## [What the task requires]
The whole listing should come back exactly as written, except for the pictures.

## [Dataset section]
----------------------------------------

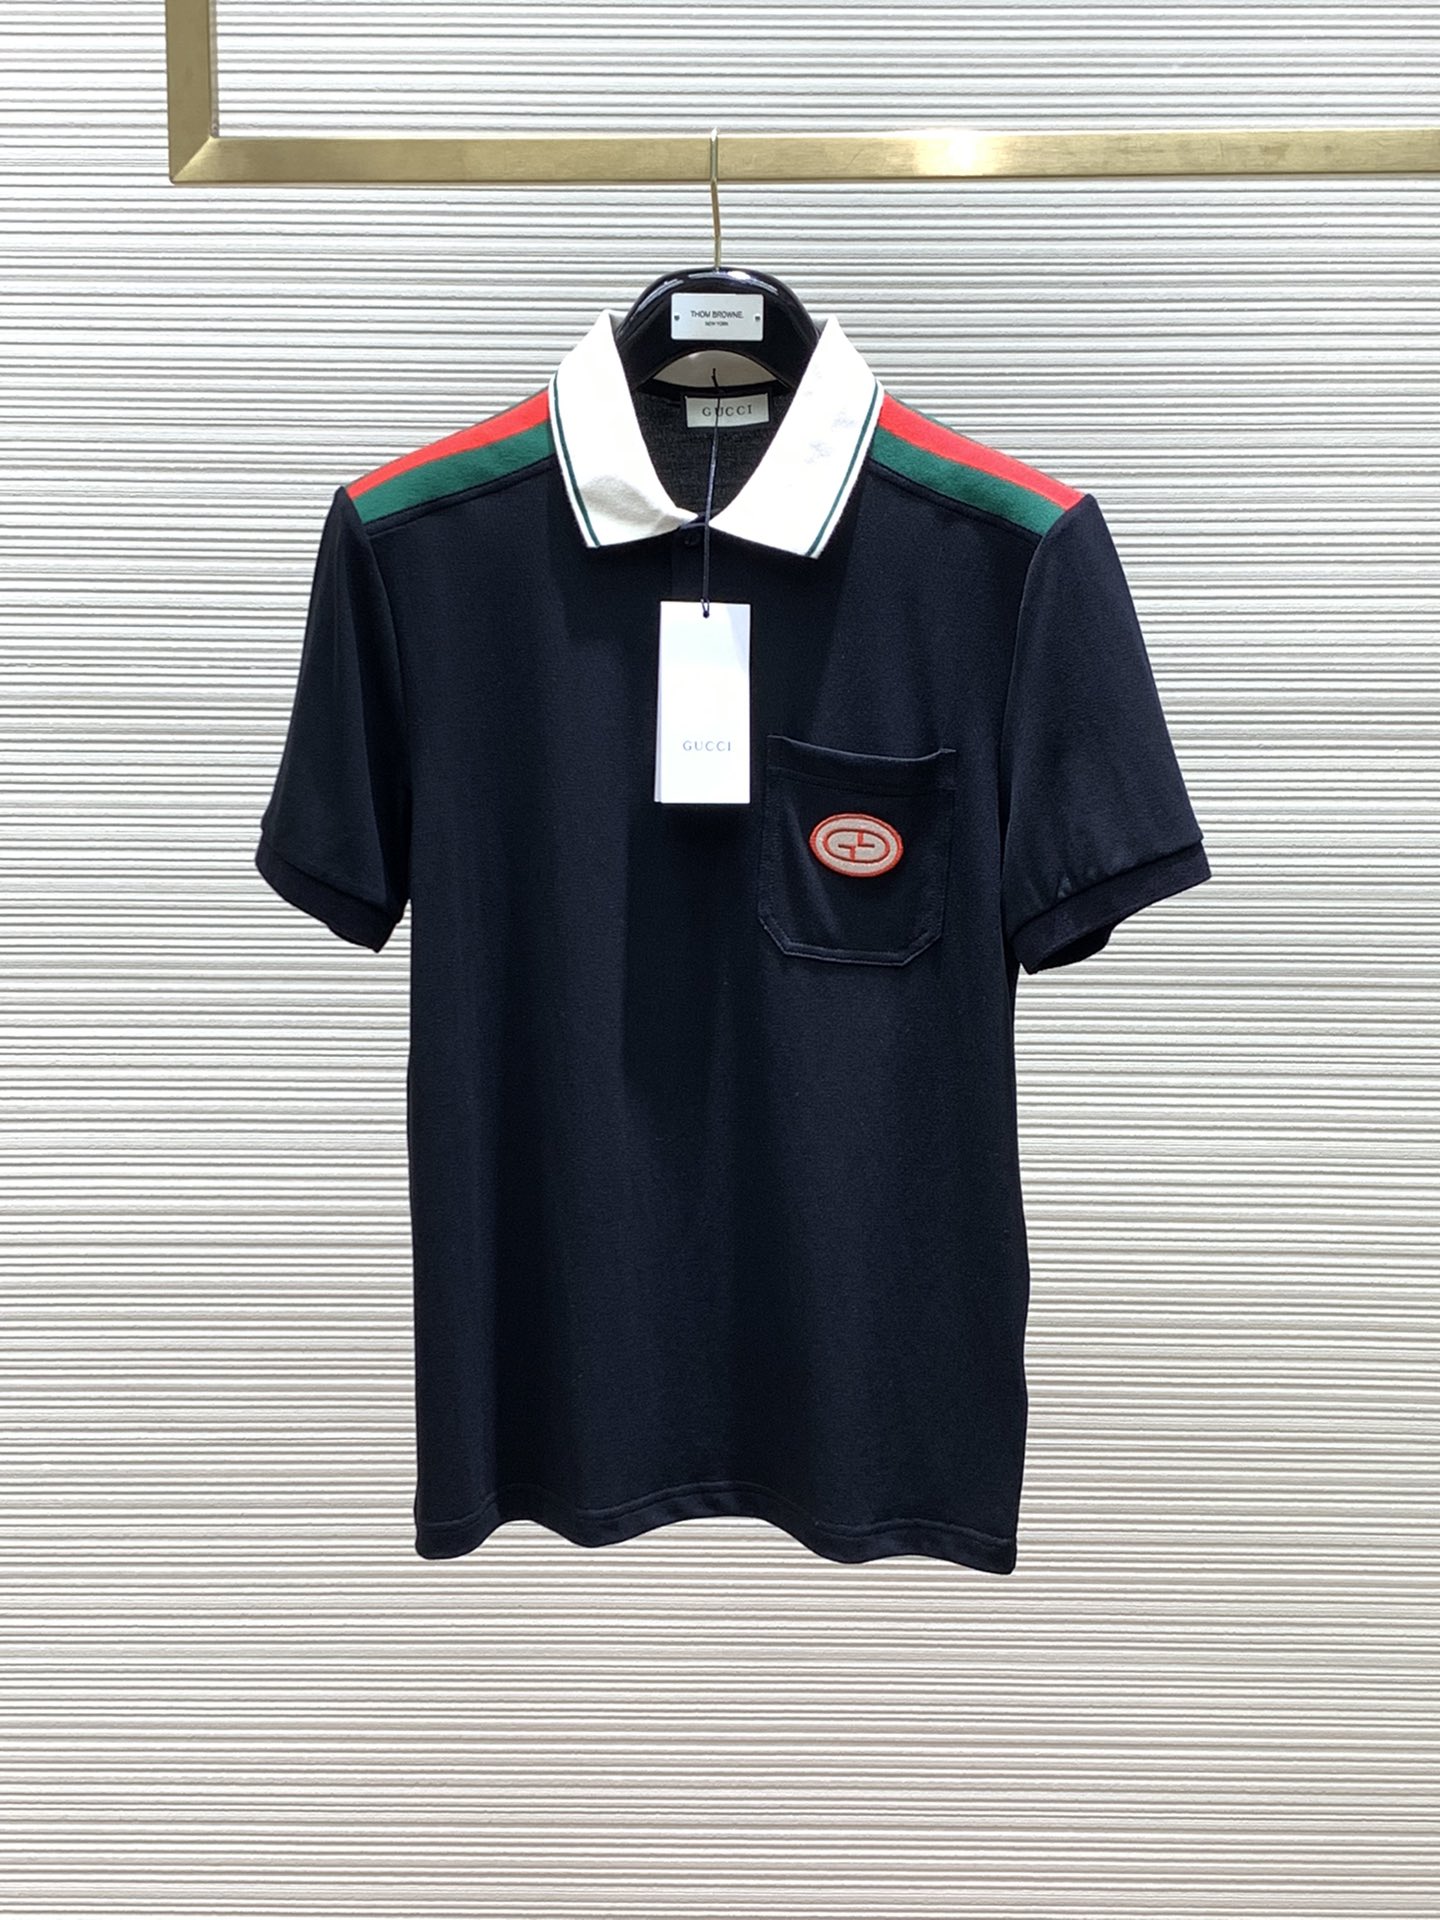 Gucci Clothing Polo T-Shirt Embroidery Summer Collection Fashion Short Sleeve
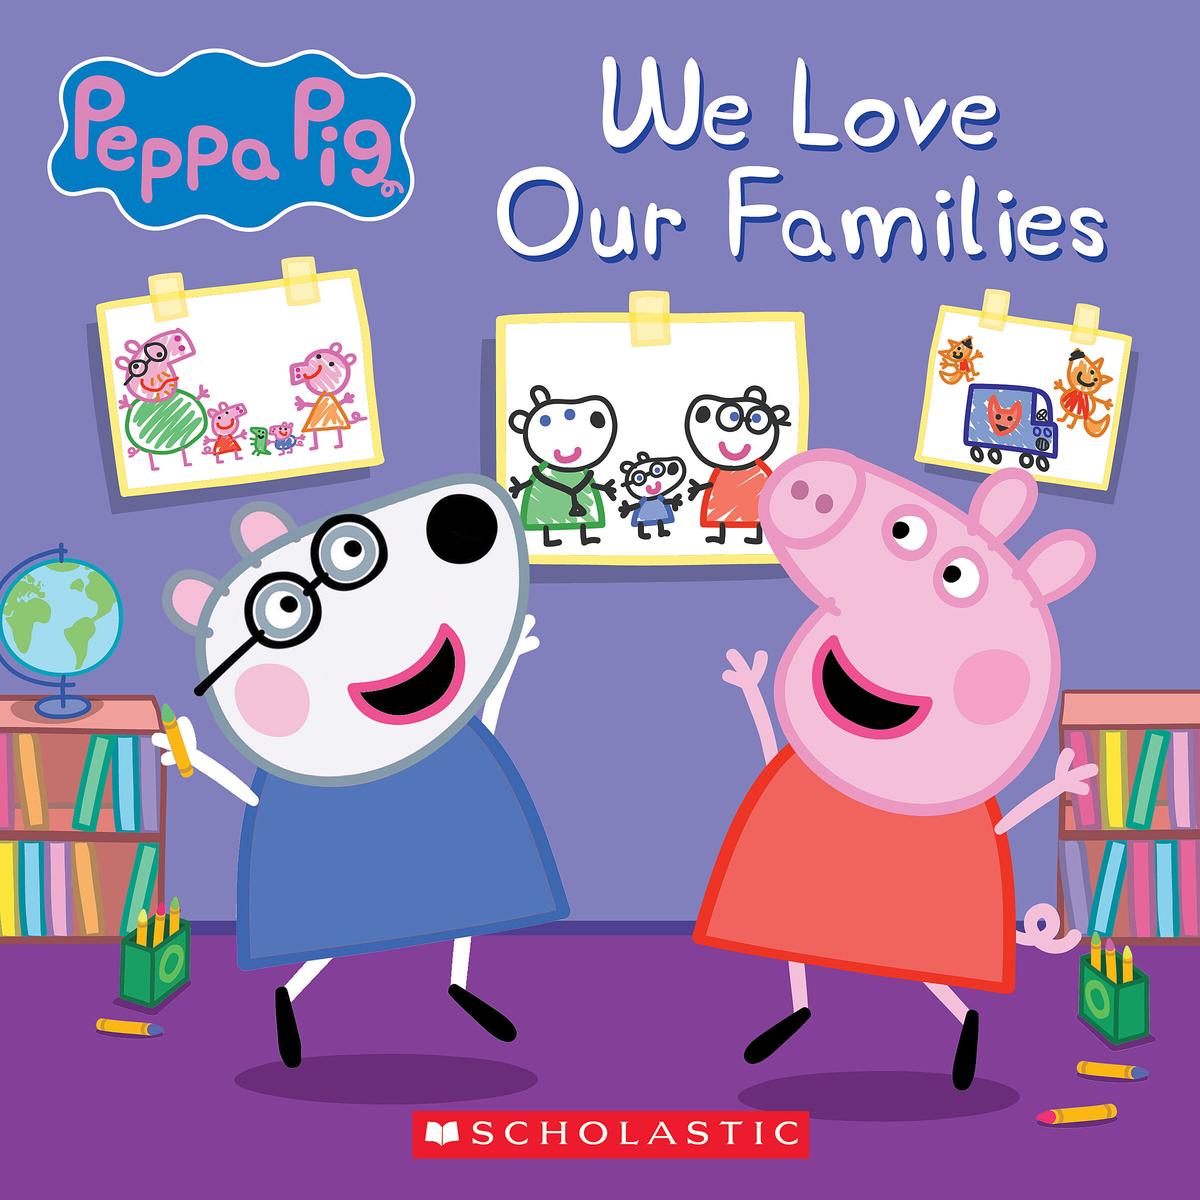 We Love Our Families (Peppa Pig) - 
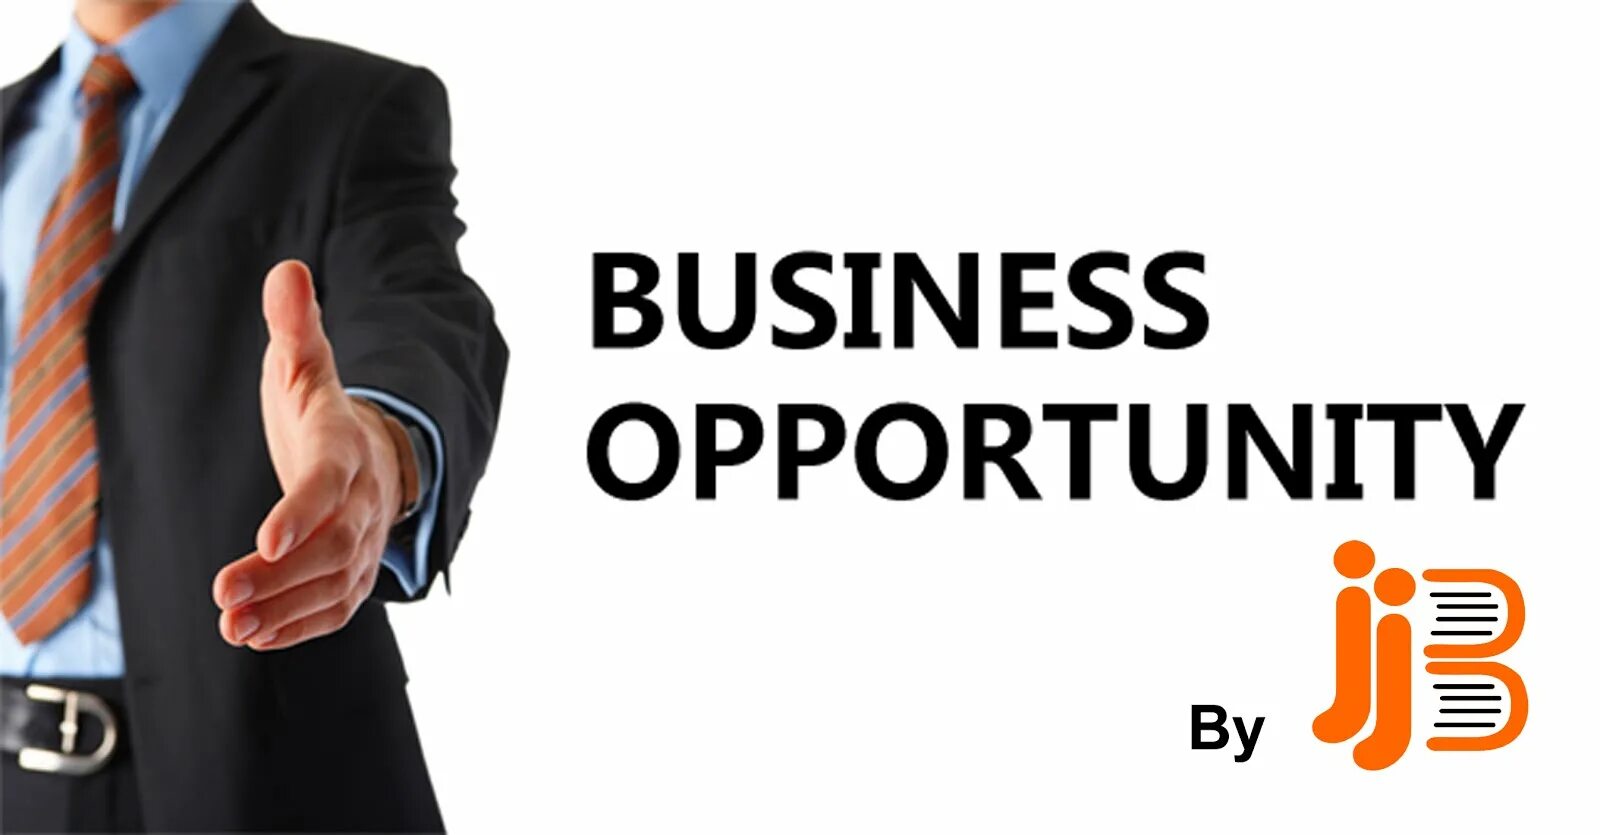 Business opportunity. Business opportunities
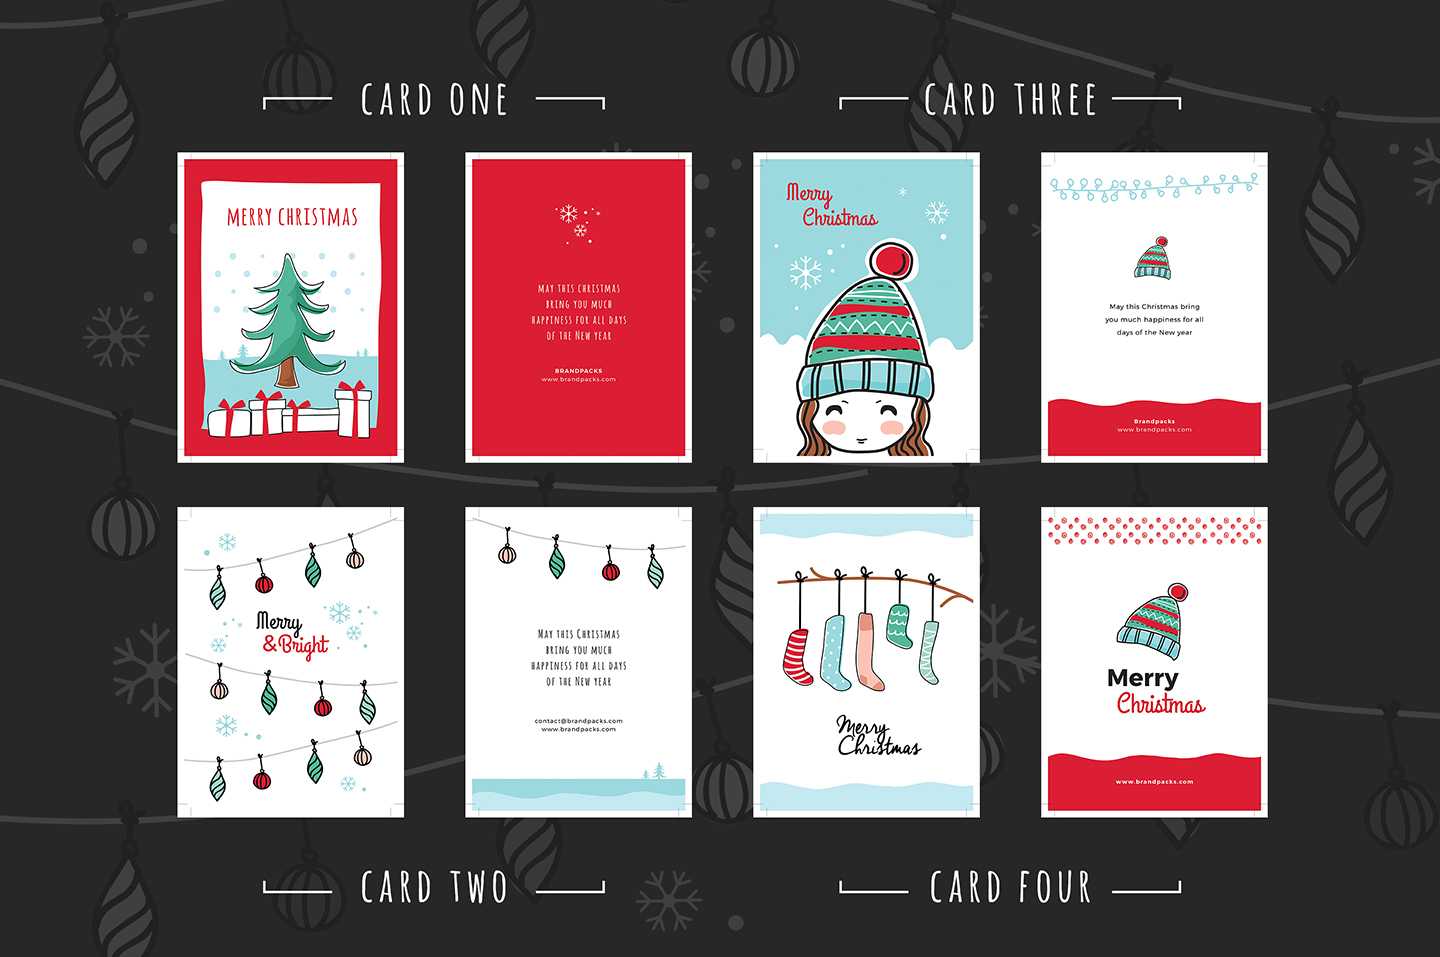 Free Christmas Card Templates For Photoshop & Illustrator Pertaining To Christmas Photo Card Templates Photoshop

----------------------------------------

## [Exercise result]
 Gucci Clothing Polo T-Shirt Embroidery Summer Collection Fashion Short Sleeve
 We Love Our Families (Peppa Pig) - 
 Business opportunity. Business opportunities
 Free Christmas Card Templates For Photoshop & Illustrator Pertaining To Christmas Photo Card Templates Photoshop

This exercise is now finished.